La Historia del Premio Nobel en Medicina: Más que una Celebración

Hace años he estado interesado en escribir sobre el Premio Nobel de Medicina. Ahora, a 125 años de su primera entrega, me animo a hacerlo. Siempre me han intrigado los criterios para otorgar los premios, las nacionalidades, las universidades, el sexo y la edad de los galardonados. Espero con este texto empezar a compartir hechos y reflexiones acumuladas. Más que una lista de ganadores, el Nobel es un espejo de la medicina misma: refleja sus tensiones entre saber y poder, entre descubrimiento y reconocimiento, entre la innovación y la celebración, entre la medicina que cura y la que previene. Cada galardón dice tanto sobre el avance médico como sobre las jerarquías que lo sostienen.

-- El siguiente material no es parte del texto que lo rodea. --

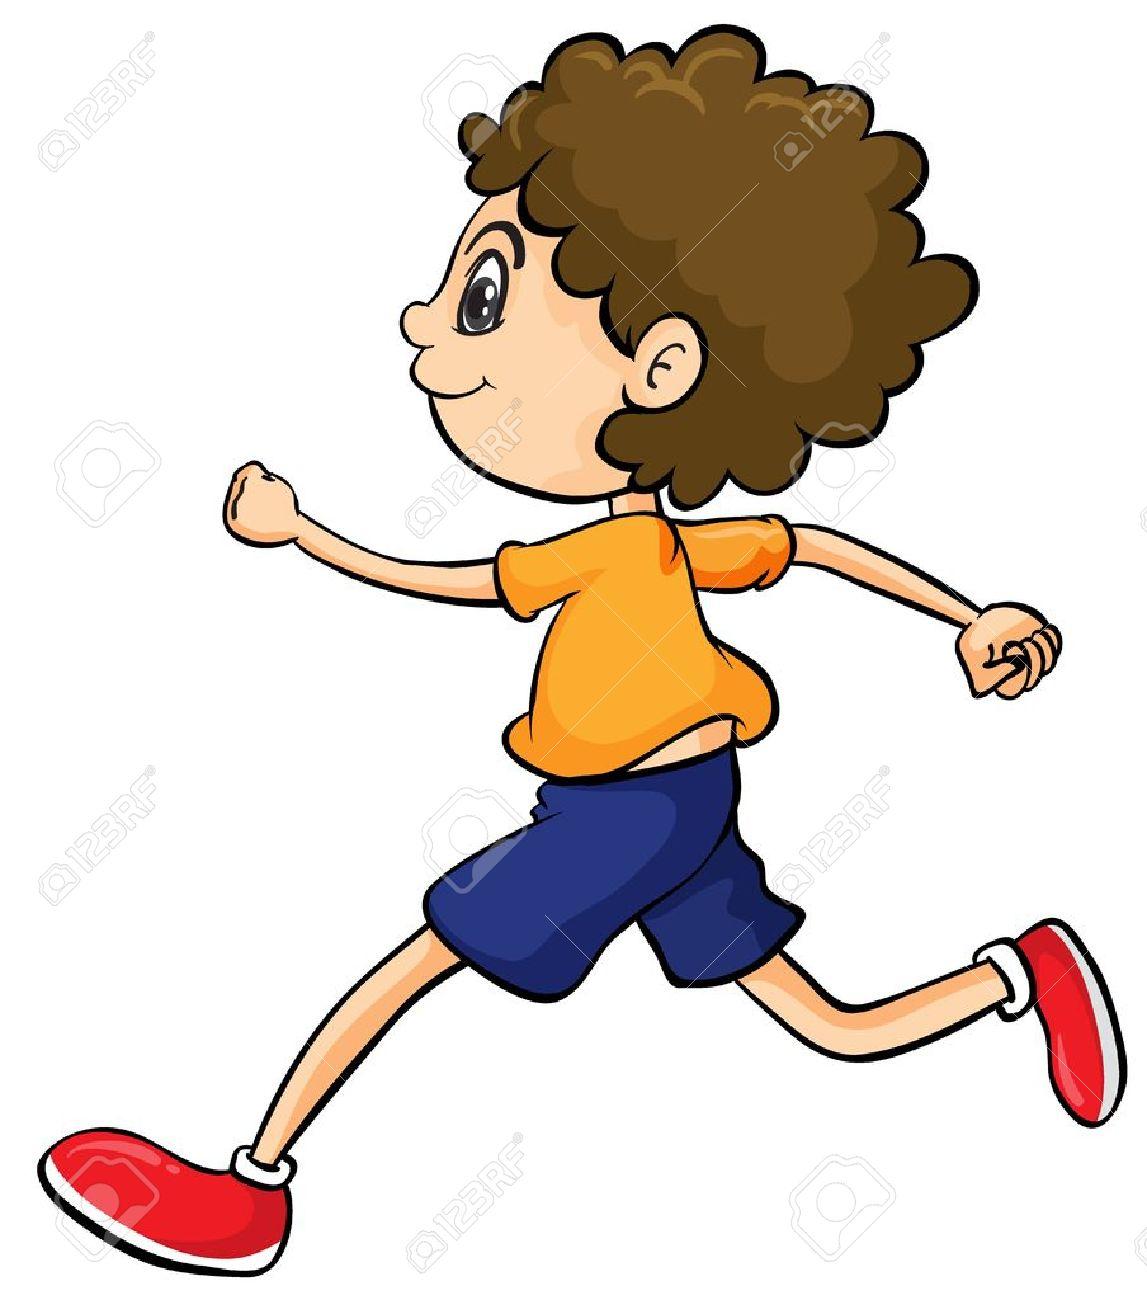 date de sortie a3179 e6469 Illustration d'un garçon de courir sur un fond blanc

La medalla del Nobel, de oro reciclado de 18 quilates y con un peso cercano a 175 gramos, tiene un valor material alrededor de 12 mil dólares, pero un significado de largo aliento, condensa el mito del mérito. Además del honor, el premio está dotado con 11 millones de coronas suecas —alrededor de 1.17 millones de dólares—, cantidad que se reparte, cuando más de una persona es galardonada. Pero su verdadero valor no está en el oro ni en el dinero, sino en el capital simbólico que otorga: prestigio vitalicio, invitaciones aseguradas con gastos pagados y autoridad para hablar en nombre de la ciencia en donde se pare. El Nobel distingue y transfigura. Convierte a sus ganadores en figuras tutelares del conocimiento médico contemporáneo.

Según el sitio oficial de la Fundación Nobel (2025), el Premio de Medicina ha sido otorgado 116 veces a 232 personas. Solo 14 han sido mujeres. En promedio la edad de los premiados es de 56 años. El más joven fue el canadiense Frederick G. Banting, en 1923, con 31 años, por su descubrimiento de la insulina; el mayor, el estadounidense Peyton Rous, que recibió el galardón en 1966, a los 87, por describir el virus causante del sarcoma. Entre ambos se dibuja el arco temporal de la ciencia moderna: de la intuición precoz a la confirmación tardía.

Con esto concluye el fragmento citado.